Start of RECORDED INFORMATION

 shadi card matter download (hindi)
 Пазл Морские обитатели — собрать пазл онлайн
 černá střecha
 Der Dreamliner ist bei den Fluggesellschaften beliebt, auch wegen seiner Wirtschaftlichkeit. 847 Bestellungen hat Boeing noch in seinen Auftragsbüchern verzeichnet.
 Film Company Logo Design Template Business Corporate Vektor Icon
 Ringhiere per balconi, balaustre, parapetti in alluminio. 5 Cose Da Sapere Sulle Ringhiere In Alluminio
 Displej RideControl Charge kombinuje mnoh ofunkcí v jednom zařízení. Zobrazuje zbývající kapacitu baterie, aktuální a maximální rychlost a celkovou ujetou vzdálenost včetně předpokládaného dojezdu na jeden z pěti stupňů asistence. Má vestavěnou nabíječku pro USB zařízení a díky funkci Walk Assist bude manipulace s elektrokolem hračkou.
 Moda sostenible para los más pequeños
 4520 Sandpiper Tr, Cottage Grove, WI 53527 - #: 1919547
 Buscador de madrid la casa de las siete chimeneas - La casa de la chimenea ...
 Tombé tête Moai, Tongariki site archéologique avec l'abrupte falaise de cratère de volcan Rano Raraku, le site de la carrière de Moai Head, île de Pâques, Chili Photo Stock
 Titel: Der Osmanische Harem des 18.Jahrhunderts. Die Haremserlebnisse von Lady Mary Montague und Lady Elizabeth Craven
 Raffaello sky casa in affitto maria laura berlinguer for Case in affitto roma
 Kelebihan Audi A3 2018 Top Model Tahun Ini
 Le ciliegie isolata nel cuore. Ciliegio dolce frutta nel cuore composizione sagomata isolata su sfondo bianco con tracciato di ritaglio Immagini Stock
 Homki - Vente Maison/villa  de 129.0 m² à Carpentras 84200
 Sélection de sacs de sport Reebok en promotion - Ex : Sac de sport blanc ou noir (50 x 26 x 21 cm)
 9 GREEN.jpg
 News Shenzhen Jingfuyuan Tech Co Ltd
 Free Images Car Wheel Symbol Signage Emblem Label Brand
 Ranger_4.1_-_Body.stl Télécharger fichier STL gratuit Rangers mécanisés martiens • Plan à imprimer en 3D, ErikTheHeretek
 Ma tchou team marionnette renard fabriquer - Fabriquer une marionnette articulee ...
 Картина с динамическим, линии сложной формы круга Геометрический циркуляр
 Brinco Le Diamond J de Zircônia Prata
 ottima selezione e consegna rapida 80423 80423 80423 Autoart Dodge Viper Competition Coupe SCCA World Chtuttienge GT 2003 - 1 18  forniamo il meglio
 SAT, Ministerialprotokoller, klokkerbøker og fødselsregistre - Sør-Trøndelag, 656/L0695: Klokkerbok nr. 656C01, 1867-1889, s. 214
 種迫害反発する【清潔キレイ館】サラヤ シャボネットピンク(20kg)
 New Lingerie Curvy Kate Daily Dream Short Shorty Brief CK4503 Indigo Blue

End of RECORDED INFORMATION

**EXERCISE REQUIREMENTS:** All entries must come back exactly as they were written.

**OUTPUT BELOW:**
 shadi card matter download (hindi)
 Пазл Морские обитатели — собрать пазл онлайн
 černá střecha
 Der Dreamliner ist bei den Fluggesellschaften beliebt, auch wegen seiner Wirtschaftlichkeit. 847 Bestellungen hat Boeing noch in seinen Auftragsbüchern verzeichnet.
 Film Company Logo Design Template Business Corporate Vektor Icon
 Ringhiere per balconi, balaustre, parapetti in alluminio. 5 Cose Da Sapere Sulle Ringhiere In Alluminio
 Displej RideControl Charge kombinuje mnoh ofunkcí v jednom zařízení. Zobrazuje zbývající kapacitu baterie, aktuální a maximální rychlost a celkovou ujetou vzdálenost včetně předpokládaného dojezdu na jeden z pěti stupňů asistence. Má vestavěnou nabíječku pro USB zařízení a díky funkci Walk Assist bude manipulace s elektrokolem hračkou.
 Moda sostenible para los más pequeños
 4520 Sandpiper Tr, Cottage Grove, WI 53527 - #: 1919547
 Buscador de madrid la casa de las siete chimeneas - La casa de la chimenea ...
 Tombé tête Moai, Tongariki site archéologique avec l'abrupte falaise de cratère de volcan Rano Raraku, le site de la carrière de Moai Head, île de Pâques, Chili Photo Stock
 Titel: Der Osmanische Harem des 18.Jahrhunderts. Die Haremserlebnisse von Lady Mary Montague und Lady Elizabeth Craven
 Raffaello sky casa in affitto maria laura berlinguer for Case in affitto roma
 Kelebihan Audi A3 2018 Top Model Tahun Ini
 Le ciliegie isolata nel cuore. Ciliegio dolce frutta nel cuore composizione sagomata isolata su sfondo bianco con tracciato di ritaglio Immagini Stock
 Homki - Vente Maison/villa  de 129.0 m² à Carpentras 84200
 Sélection de sacs de sport Reebok en promotion - Ex : Sac de sport blanc ou noir (50 x 26 x 21 cm)
 9 GREEN.jpg
 News Shenzhen Jingfuyuan Tech Co Ltd
 Free Images Car Wheel Symbol Signage Emblem Label Brand
 Ranger_4.1_-_Body.stl Télécharger fichier STL gratuit Rangers mécanisés martiens • Plan à imprimer en 3D, ErikTheHeretek
 Ma tchou team marionnette renard fabriquer - Fabriquer une marionnette articulee ...
 Картина с динамическим, линии сложной формы круга Геометрический циркуляр
 Brinco Le Diamond J de Zircônia Prata
 ottima selezione e consegna rapida 80423 80423 80423 Autoart Dodge Viper Competition Coupe SCCA World Chtuttienge GT 2003 - 1 18  forniamo il meglio
 SAT, Ministerialprotokoller, klokkerbøker og fødselsregistre - Sør-Trøndelag, 656/L0695: Klokkerbok nr. 656C01, 1867-1889, s. 214
 種迫害反発する【清潔キレイ館】サラヤ シャボネットピンク(20kg)
 New Lingerie Curvy Kate Daily Dream Short Shorty Brief CK4503 Indigo Blue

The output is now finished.